Work instruction: Repeat the data that follows in full. Do not include the pictures.

Data shown:

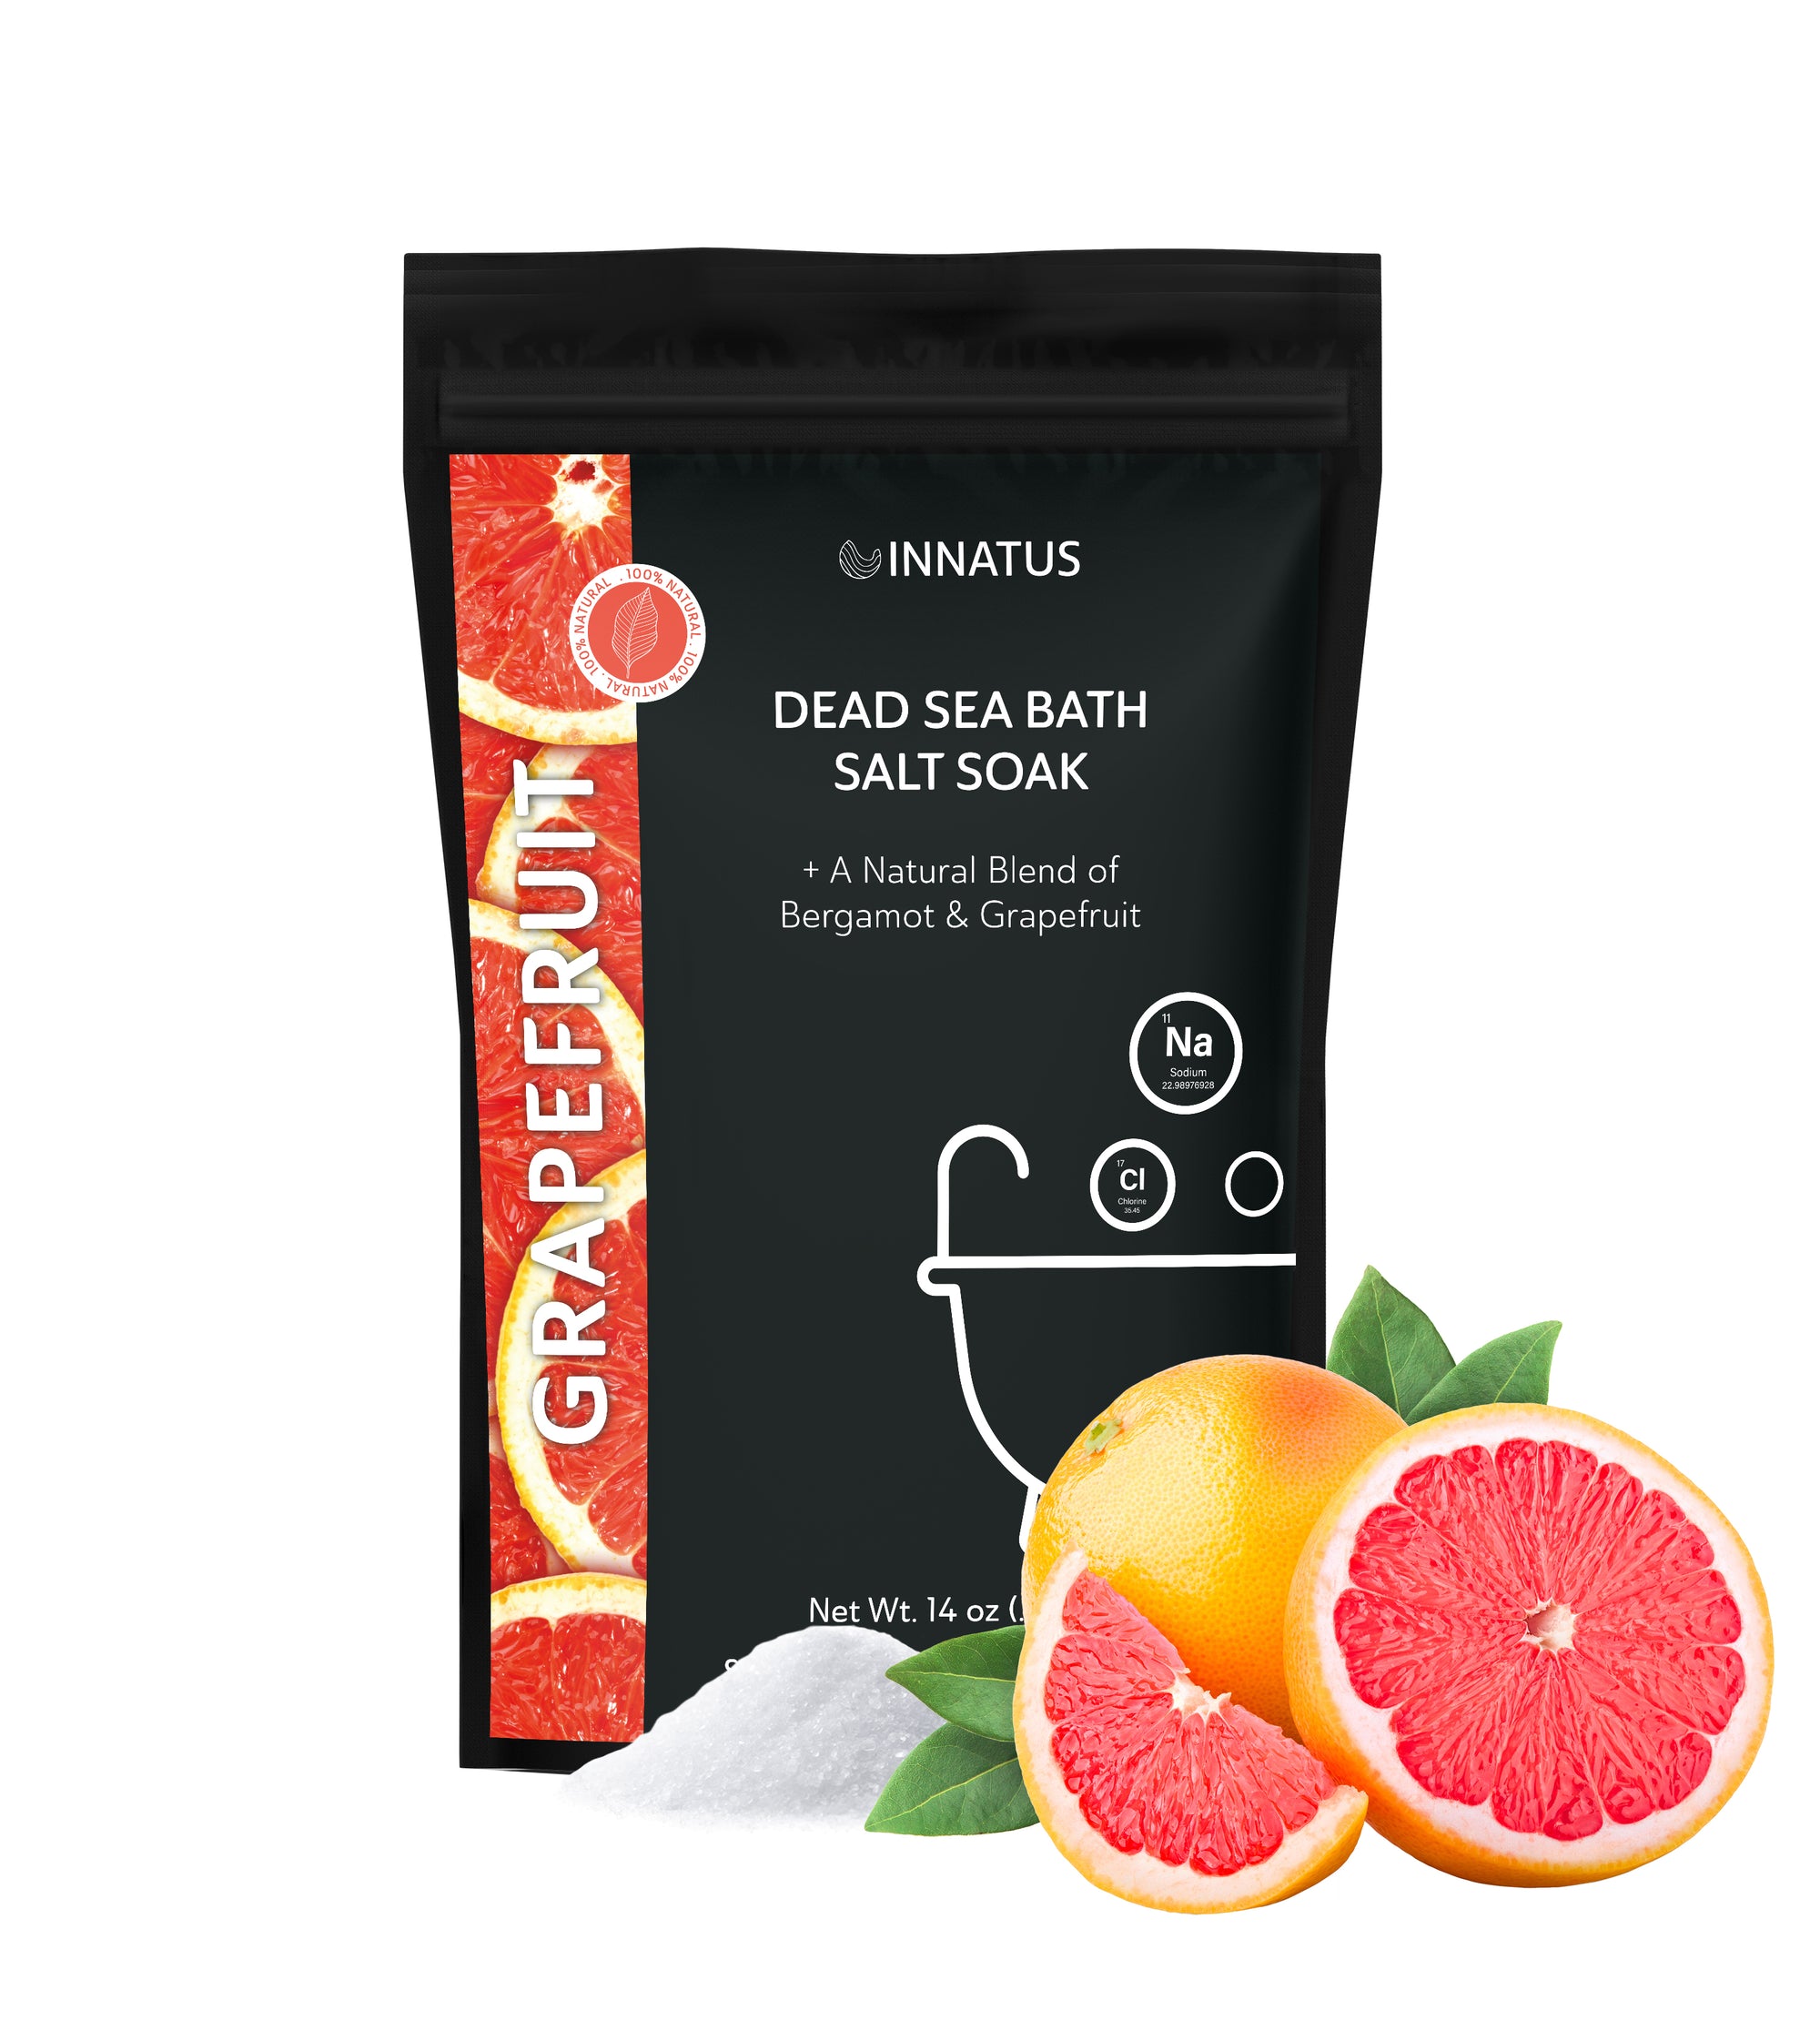 Dead sea Grapefruit bath salt soak with 21 minerals
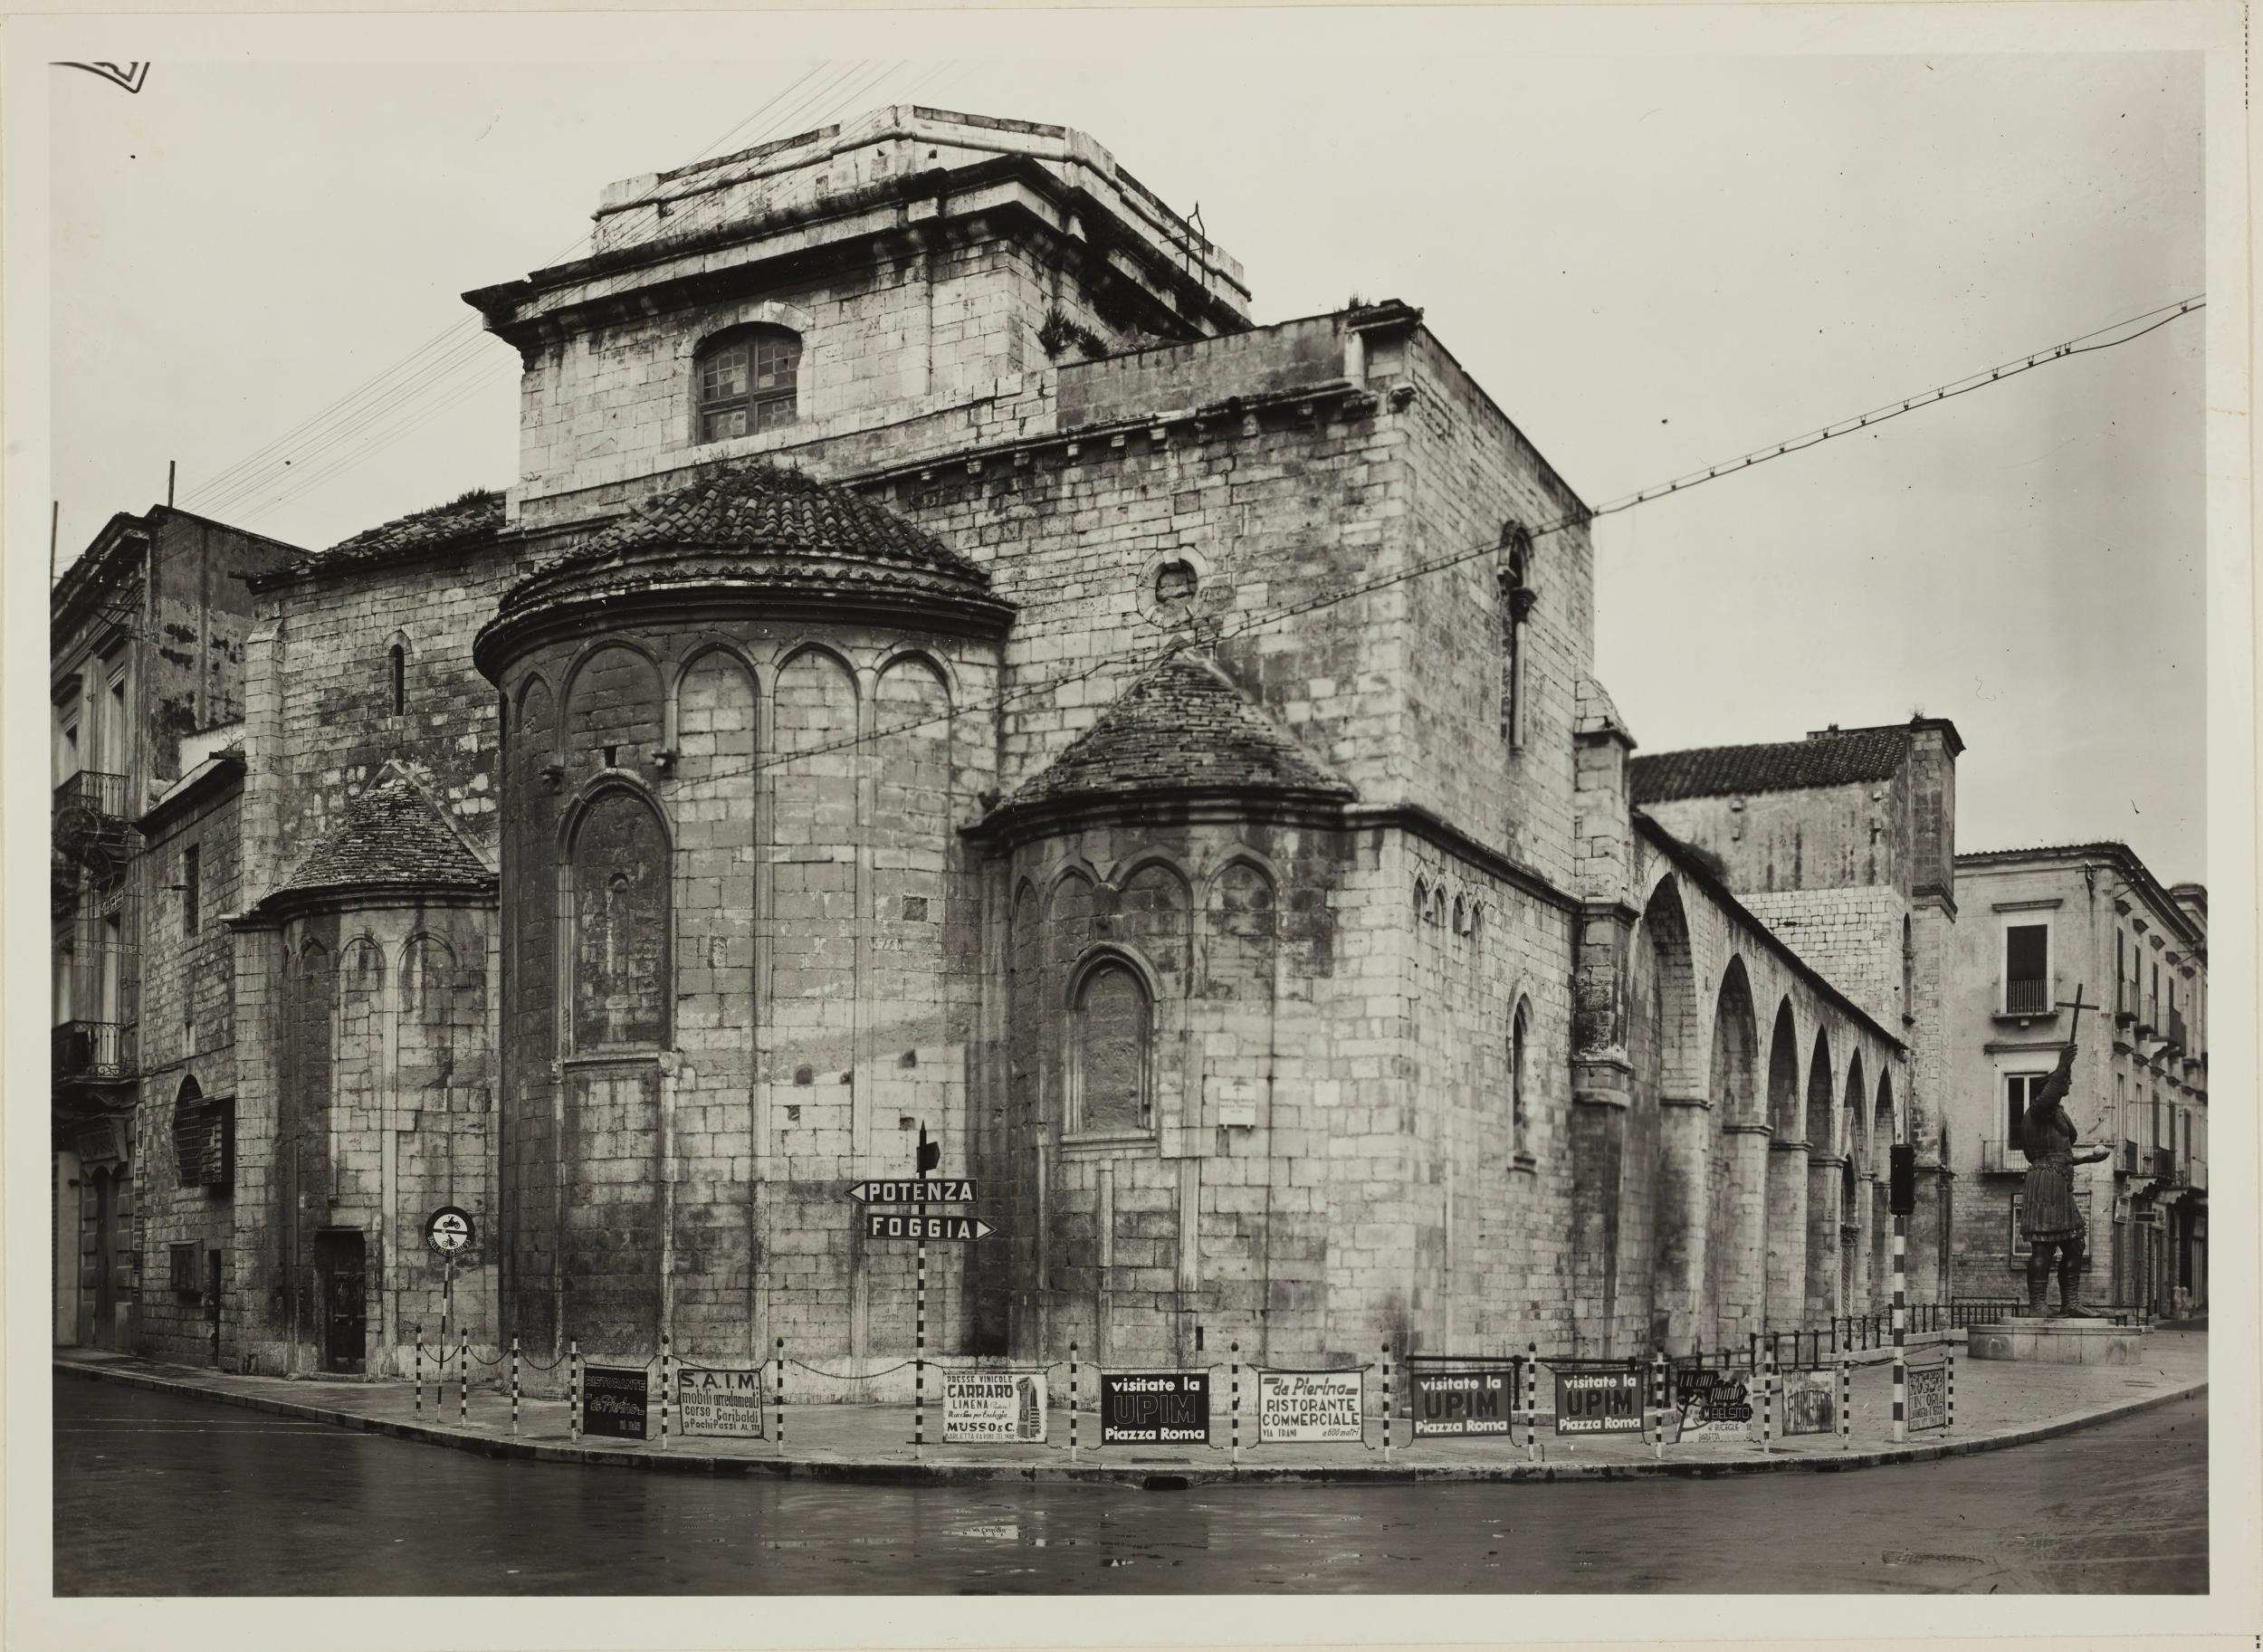 Fotografo non identificato, Barletta - Chiesa SS. Sepolcro, abside, 1956–1957, gelatina ai sali d'argento/carta, MPI6023029
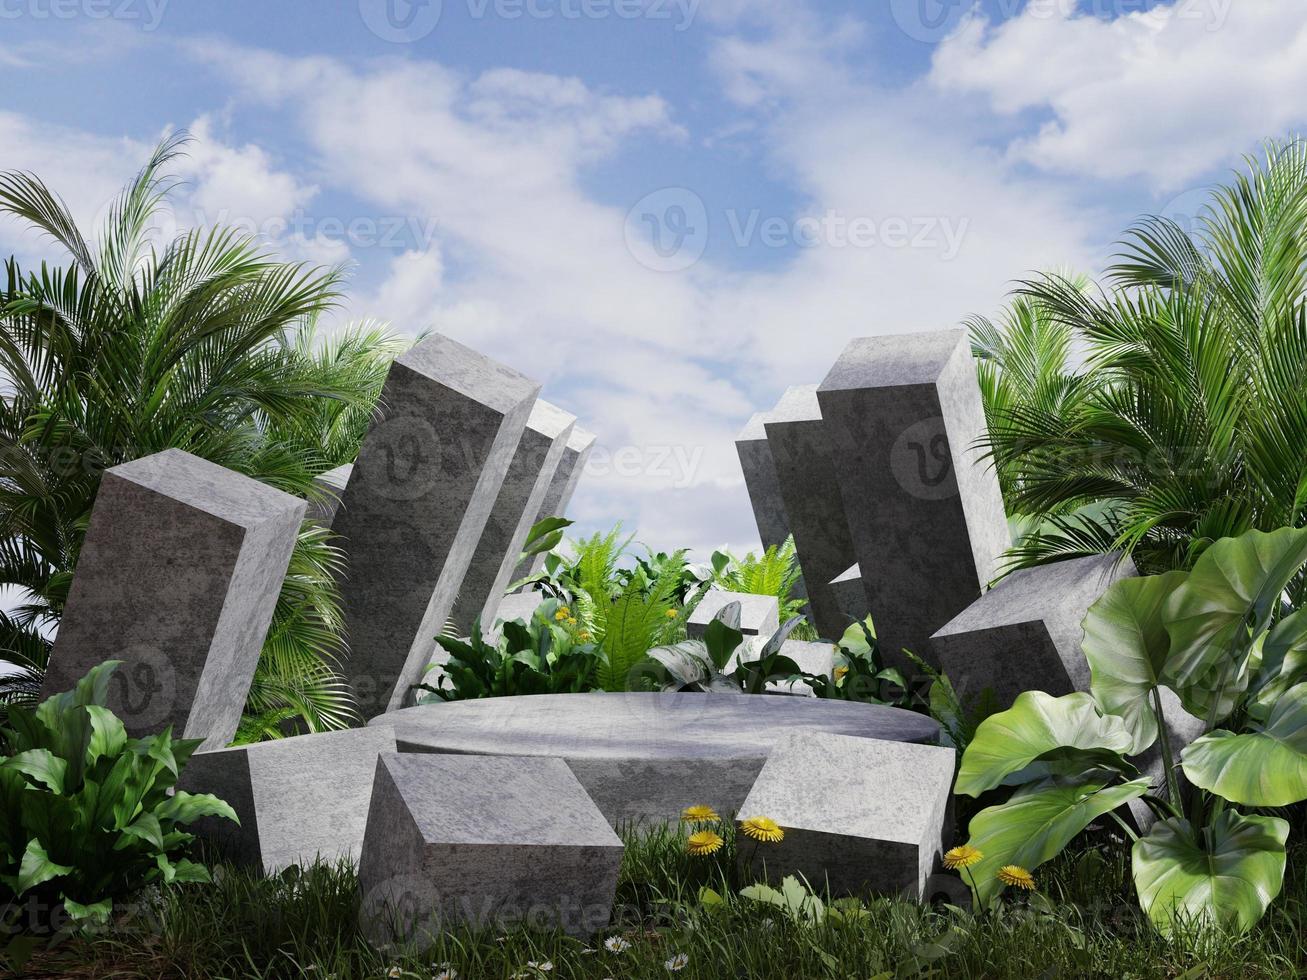 el podio de hormigón en el bosque tropical para la presentación del producto detrás es una vista del cubo de hormigón. representación de ilustración 3d foto

Finished task:
 Dead sea Grapefruit bath salt soak with 21 minerals
 Fotografo non identificato, Barletta - Chiesa SS. Sepolcro, abside, 1956–1957, gelatina ai sali d'argento/carta, MPI6023029
 el podio de hormigón en el bosque tropical para la presentación del producto detrás es una vista del cubo de hormigón. representación de ilustración 3d foto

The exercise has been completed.